Promising spintronics: Mn-based Heusler alloys Mn3Ga, Mn2YGa (Y = V, Nb, Ta), ScMnVGa

Abstract

High spin-polarized materials are expected for the development of spintronic devices. In this work, we are aiming to find new spintronic materials in Mn-based binary, ternary and quaternary Heusler alloys by using the first-principles calculations. We investigated structures, electronic properties, magnetic, tetragonal distortion and mechanic properties of Mn3Ga, Mn2YGa (Y = V, Nb, Ta) and ScMnVGa. The results show that Mn3Ga, ScMnVGa type-I, and type-II have lower energy in antiferromagnetic (AFM) states than ferromagnetic (FM) and paramagnetic (NM). Mn2YGa (Y = V, Nb, Ta) compounds are more stable in FM states.
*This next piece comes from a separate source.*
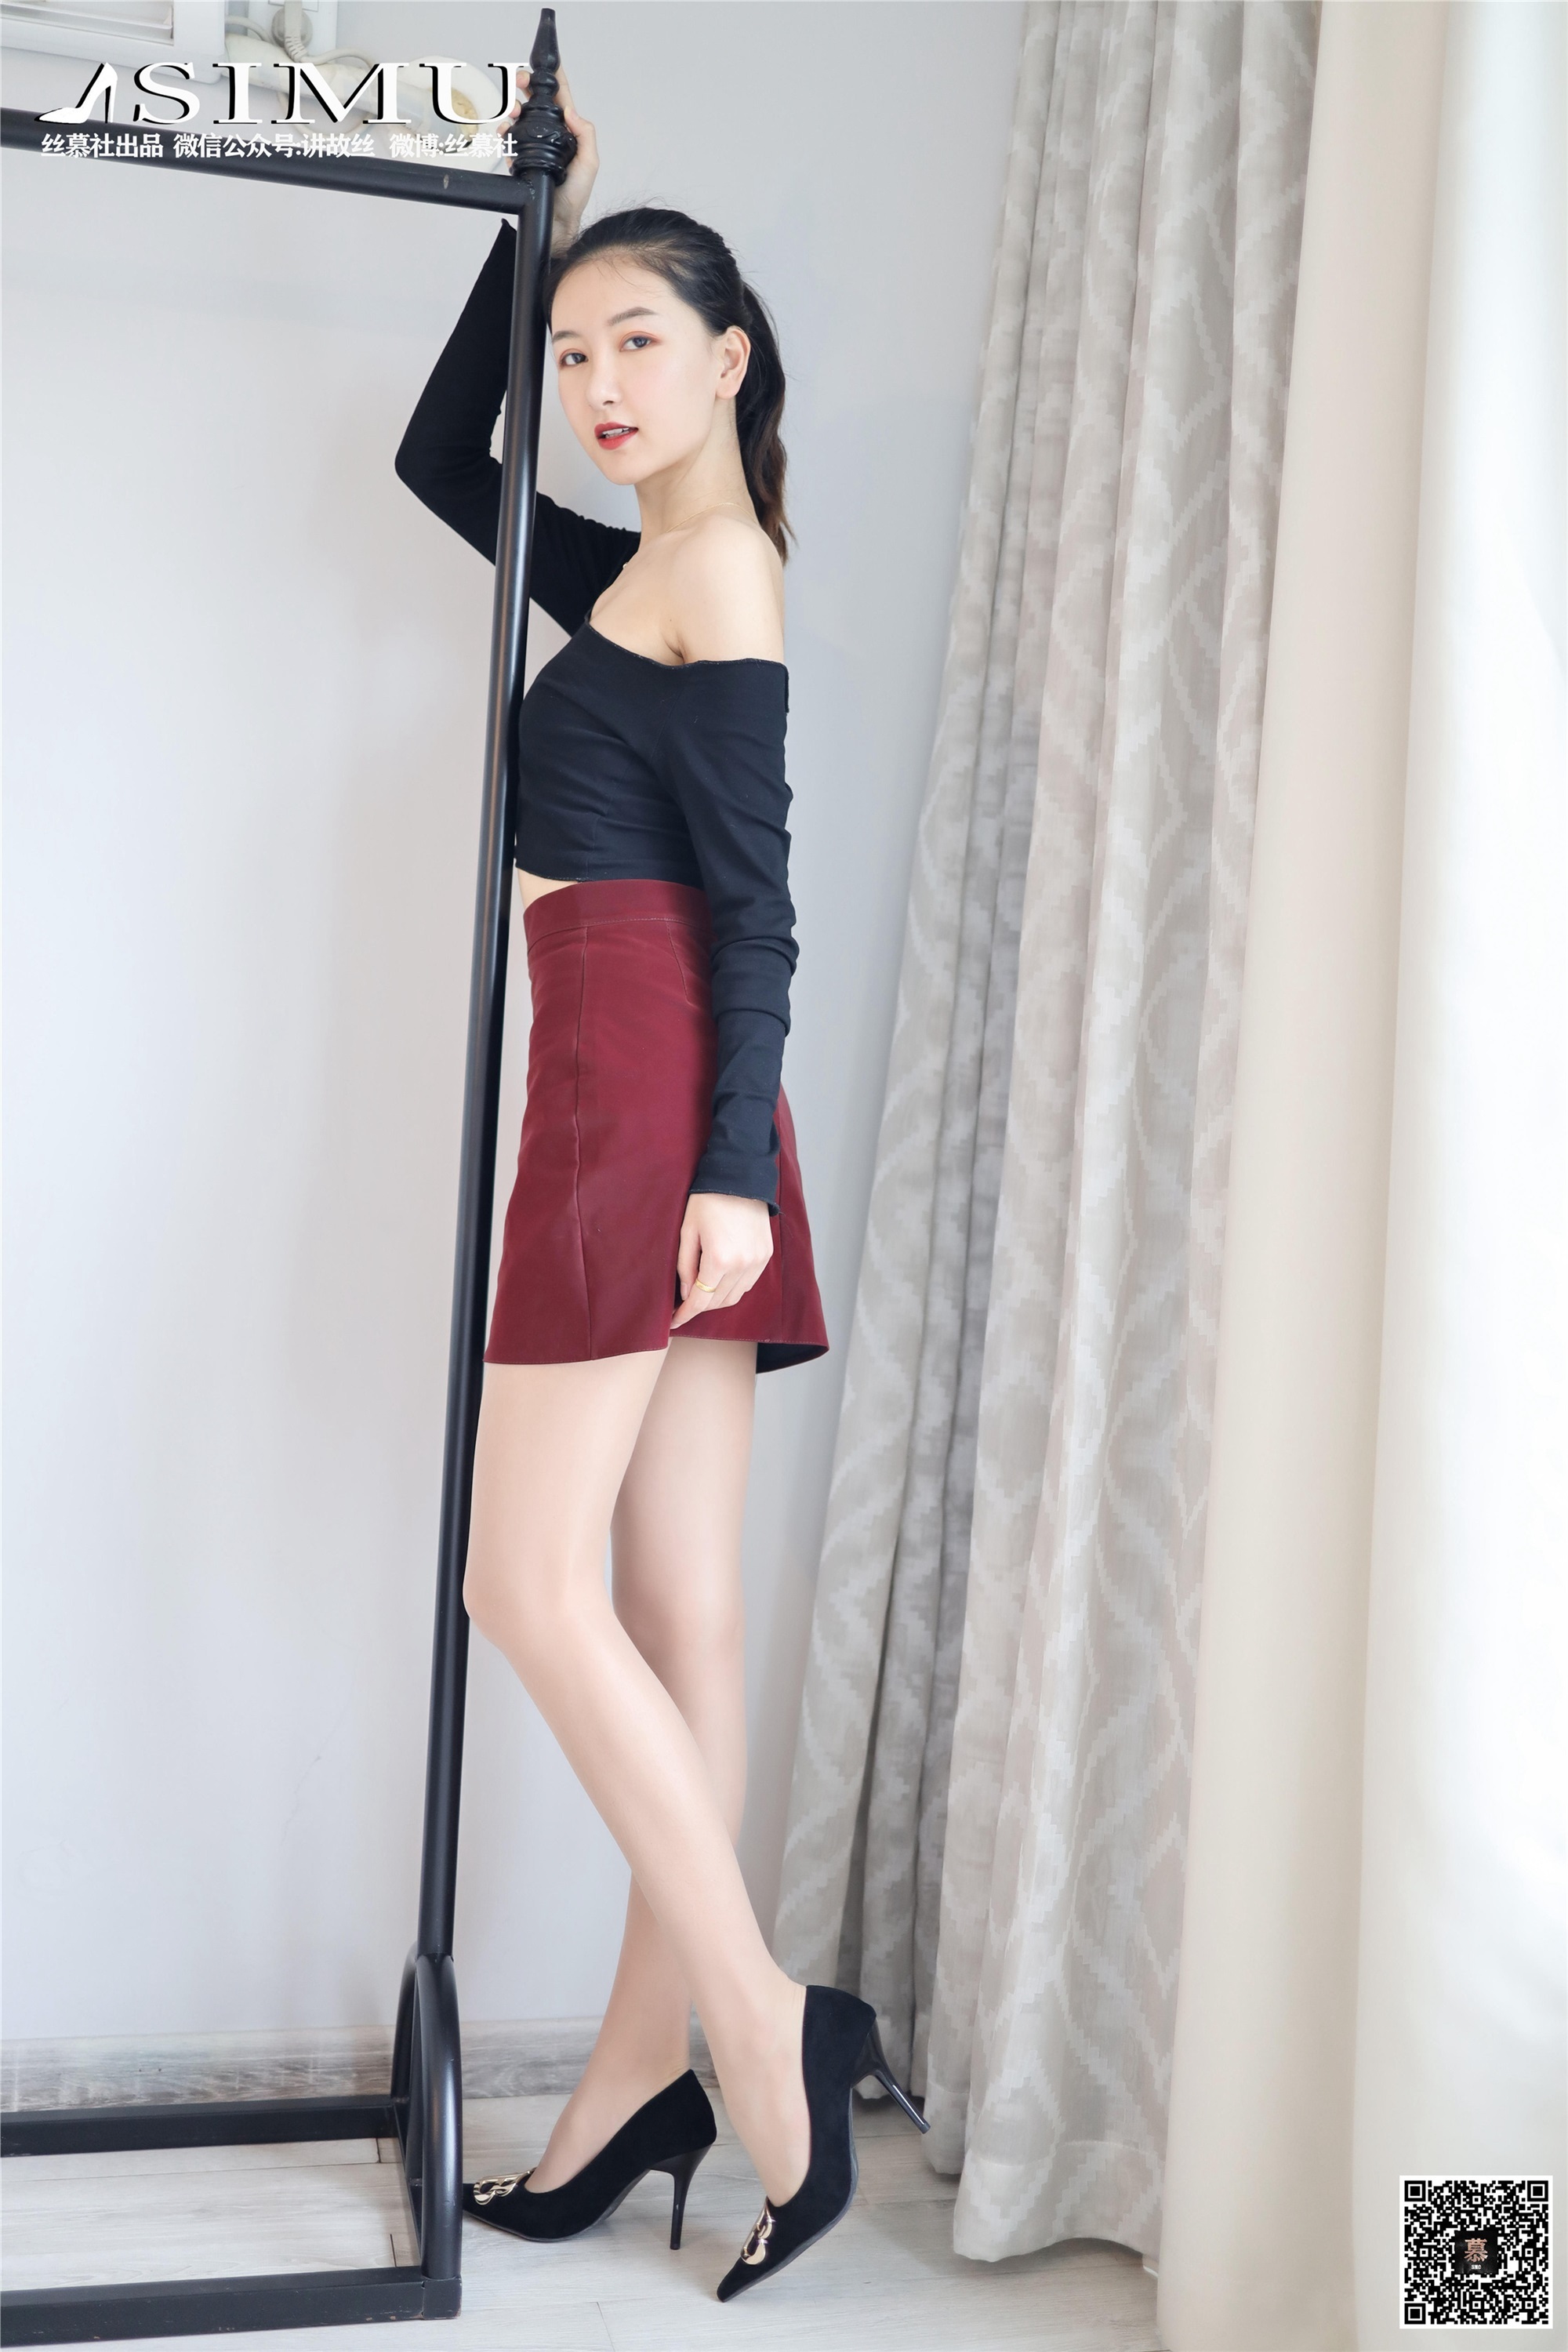 Simu photo sm225 Mingming's skirt or trousers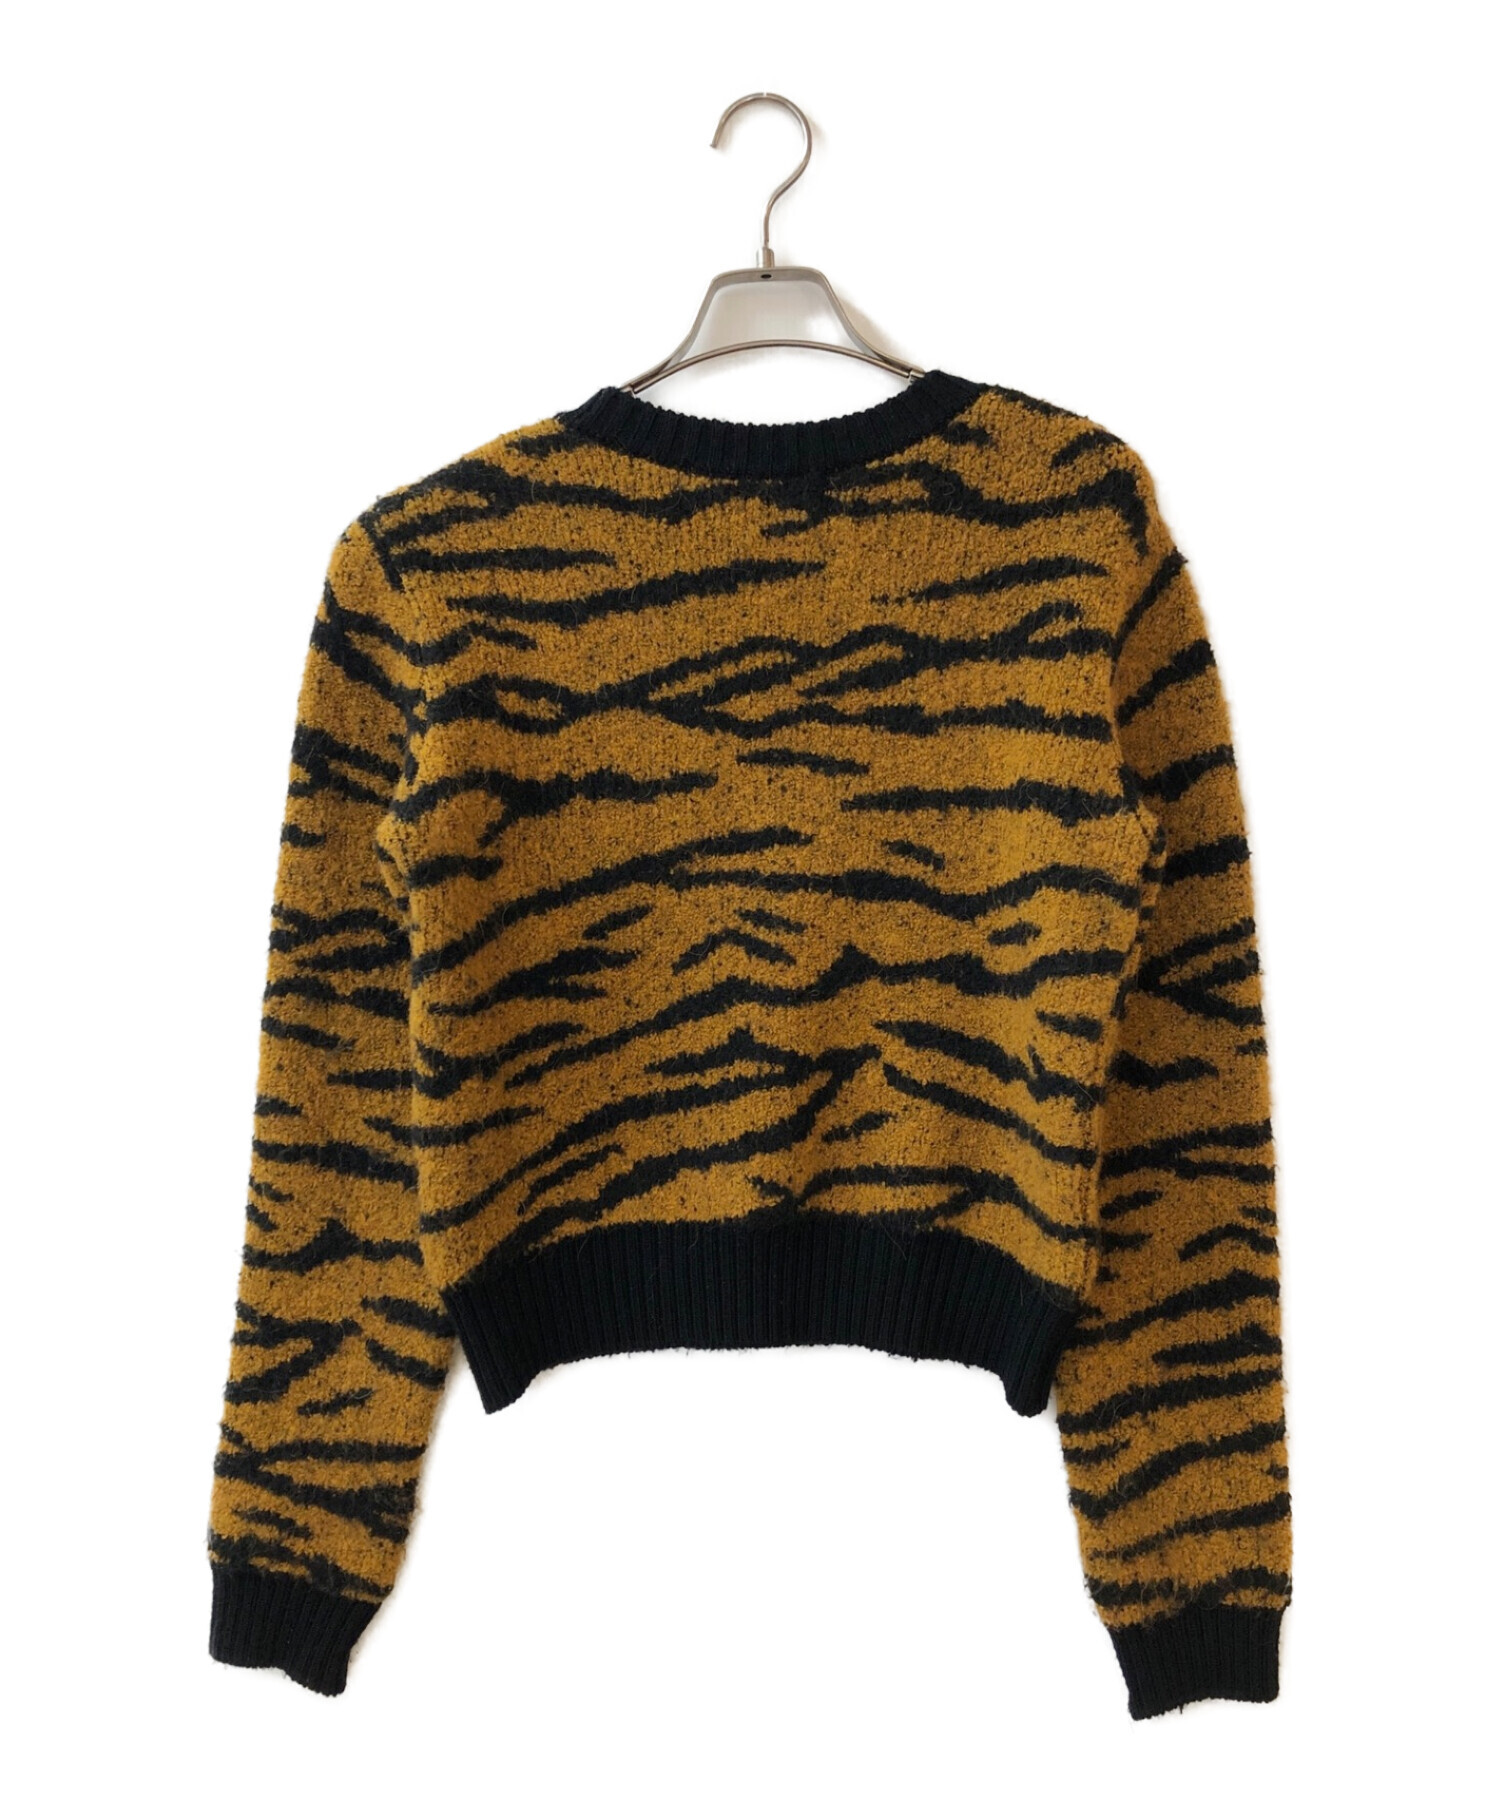 Tiger Jacquard Knit Sweater

The results of electronic and magnetic properties indicate that Mn3Ga is a gapless half-metallic antiferromagnet (Gapless HM-AFM). Mn2VGa and Mn2NbGa belong to gapless half-metallic ferrimagnets (Gapless HM-FE). Mn2TaGa is ferrimagnets. ScMnVGa type-I is half-metallic antiferromagnets (HM-AFM) and type-II belongs to spin gapless semiconductors with AFM (SGSs-AFM). Inspired by Ferromagnetic shape memory alloys (FAMAs), we performed tetragonal deformation of those compounds, and we predicted that Mn3Ga, Mn2YGa (Y = V, Nb, Ta) have possible martensitic transformations. Finally, the mechanical stability and elastic properties of above-mentioned in both cubic and tetragonal structures were discussed in detail.